■ **RECORDED DATA**:
________
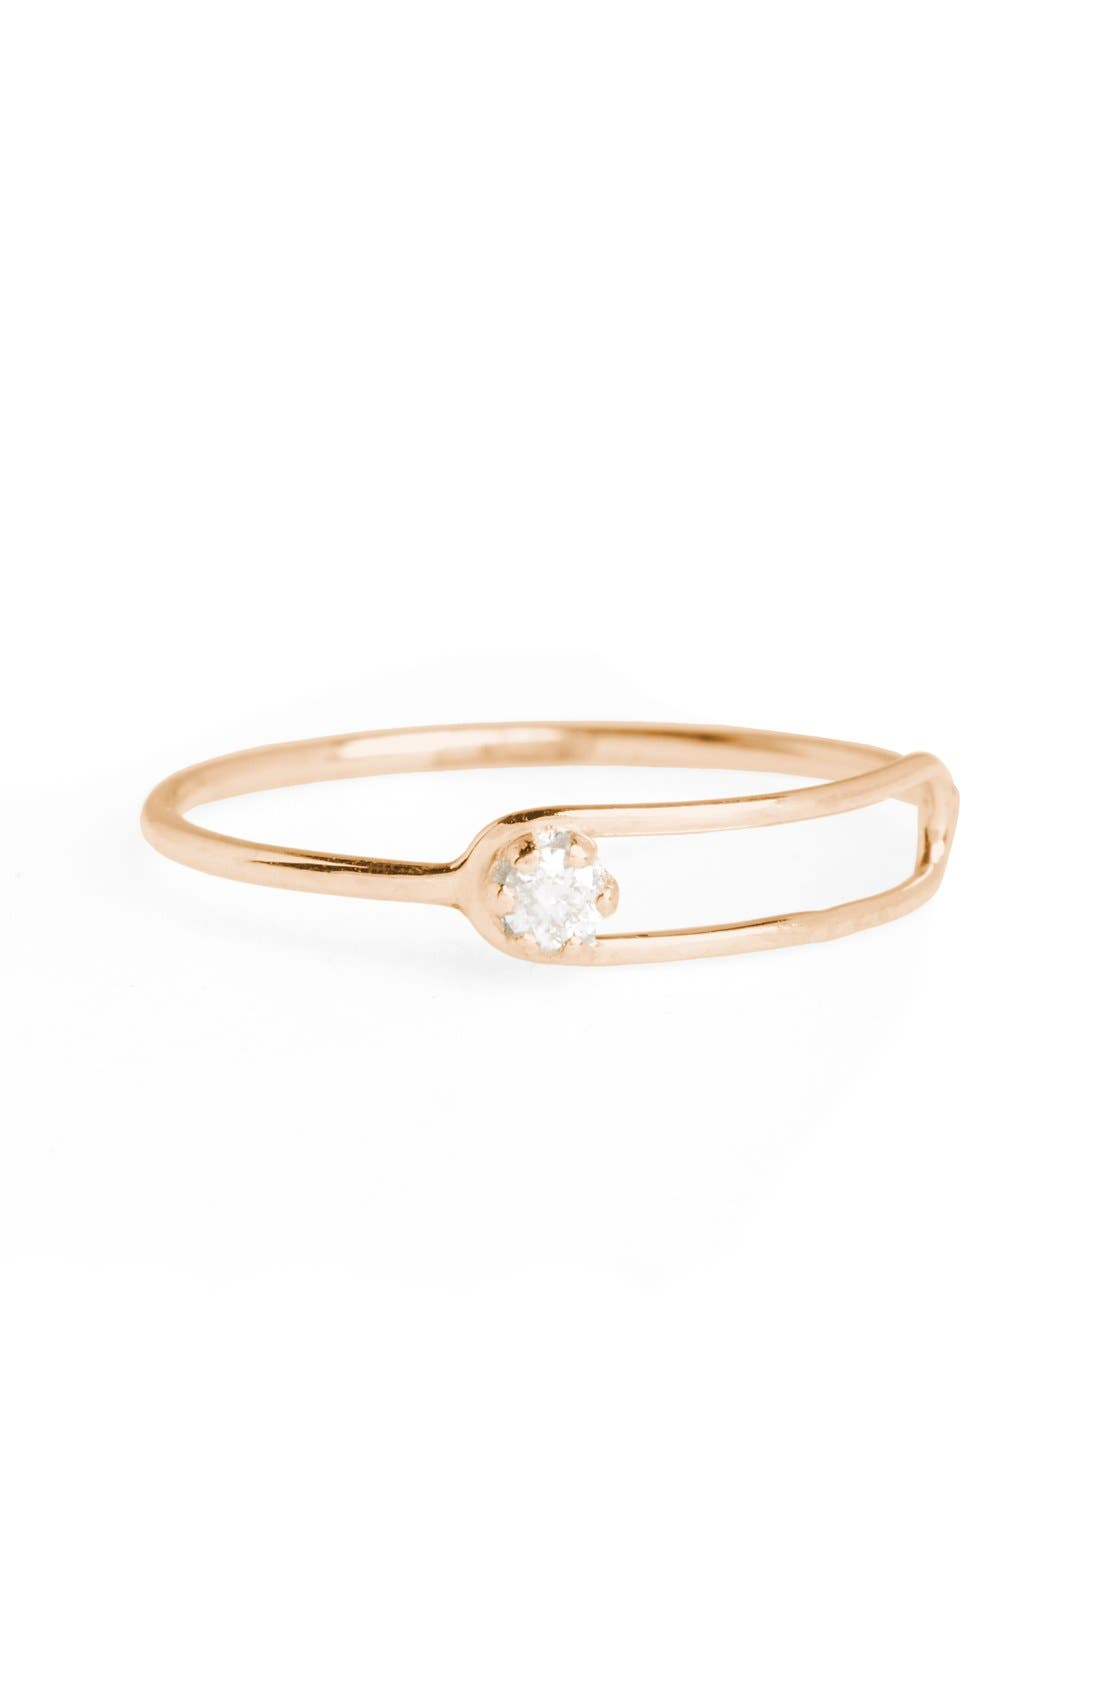 SARAH & SEBASTIAN Nimbus Diamond Oblong Ring
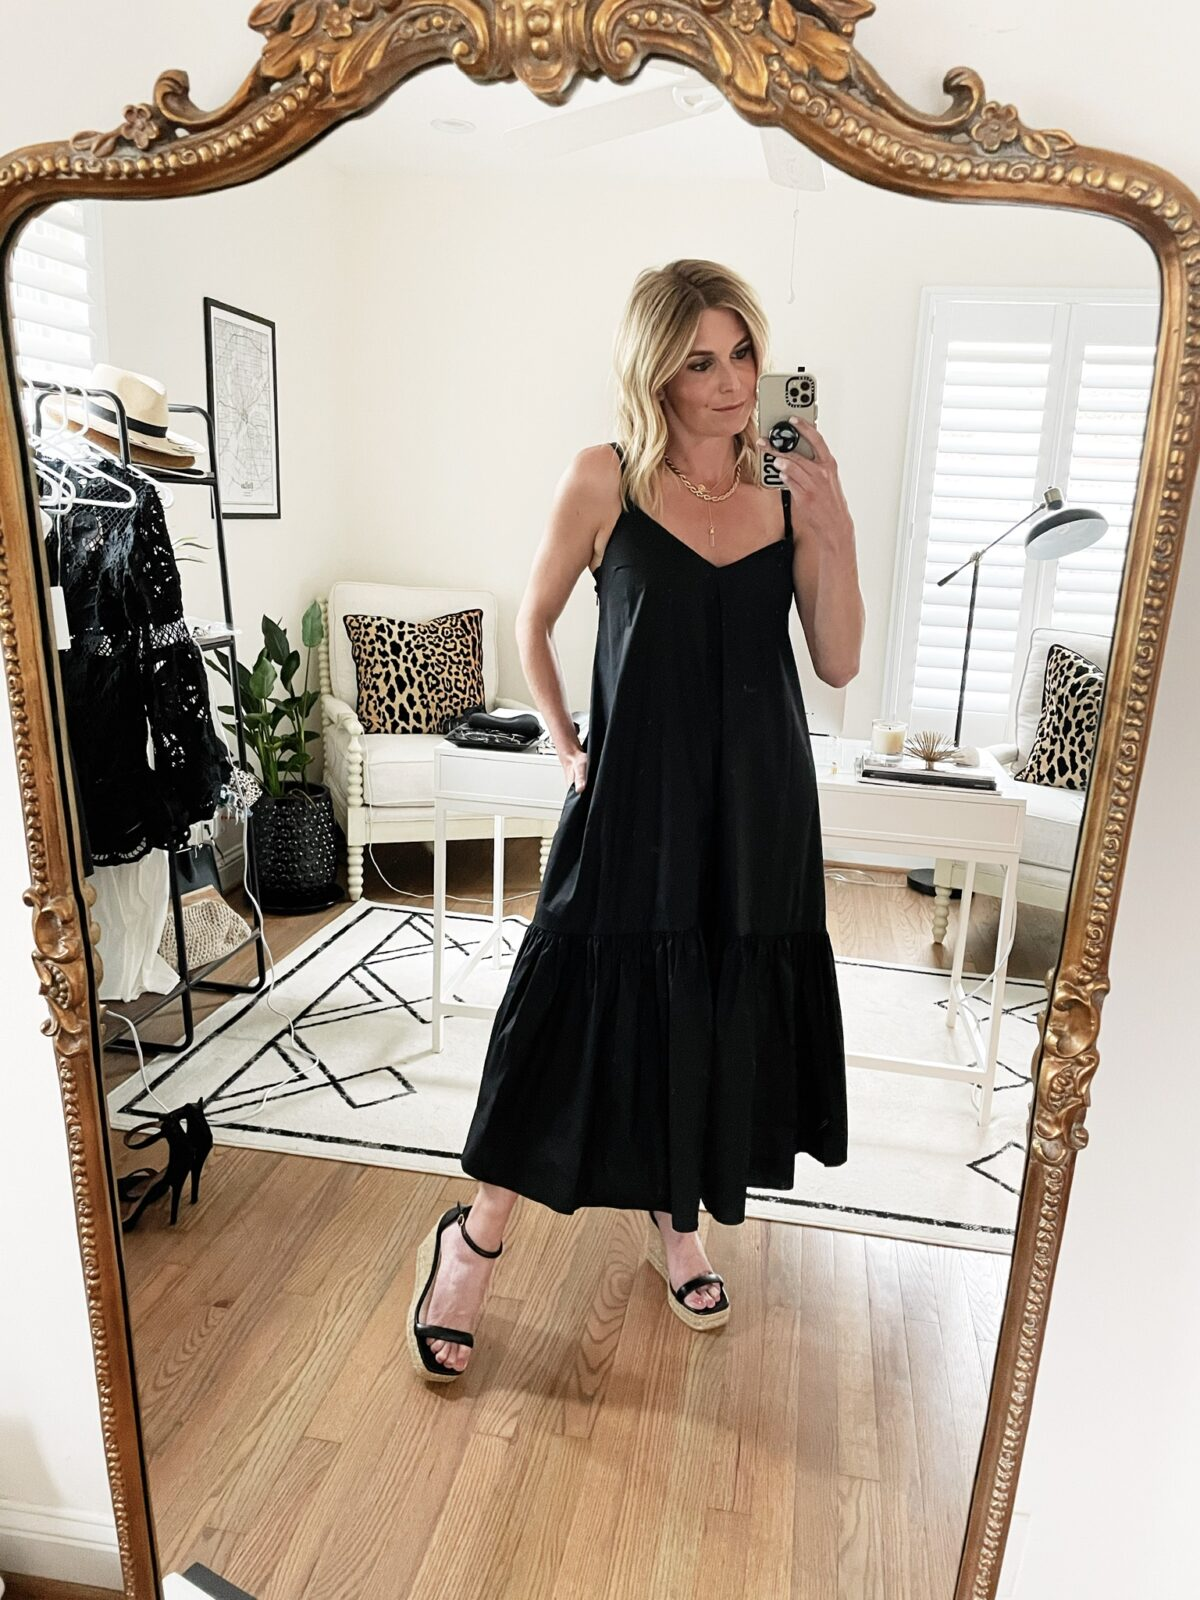 best of june woman taking a selfie and wearing a black dress
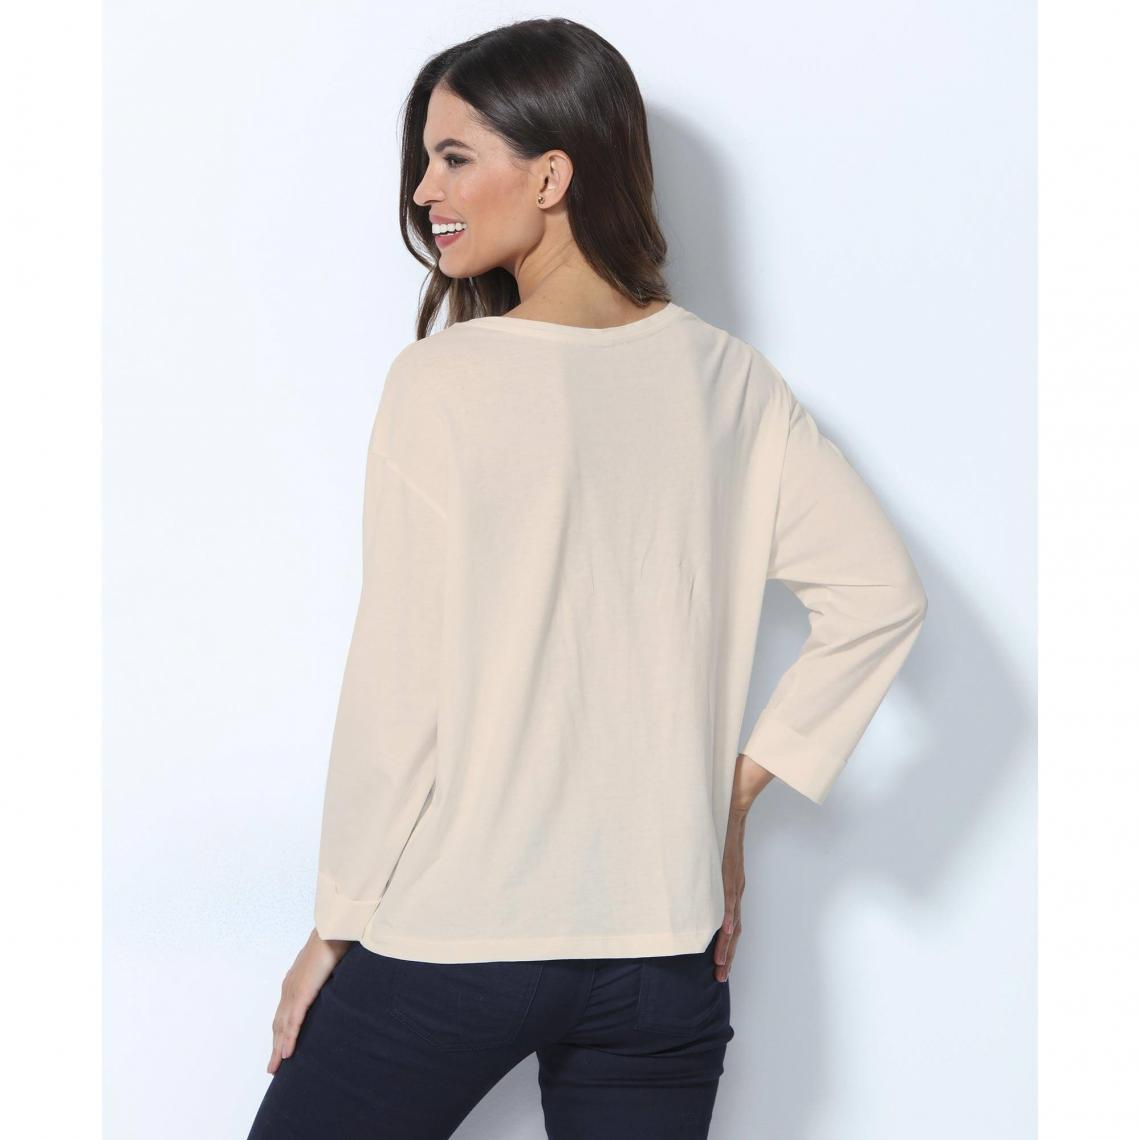 d8321857fbc Tee shirt manches longues femme - Blanc
________
■ **WHAT TO DO**:
All of the data above should be printed again exactly, though none of the pictures belong in the copy.

■ **RESULT FOR THIS TASK**:
 SARAH & SEBASTIAN Nimbus Diamond Oblong Ring
 best of june woman taking a selfie and wearing a black dress
 d8321857fbc Tee shirt manches longues femme - Blanc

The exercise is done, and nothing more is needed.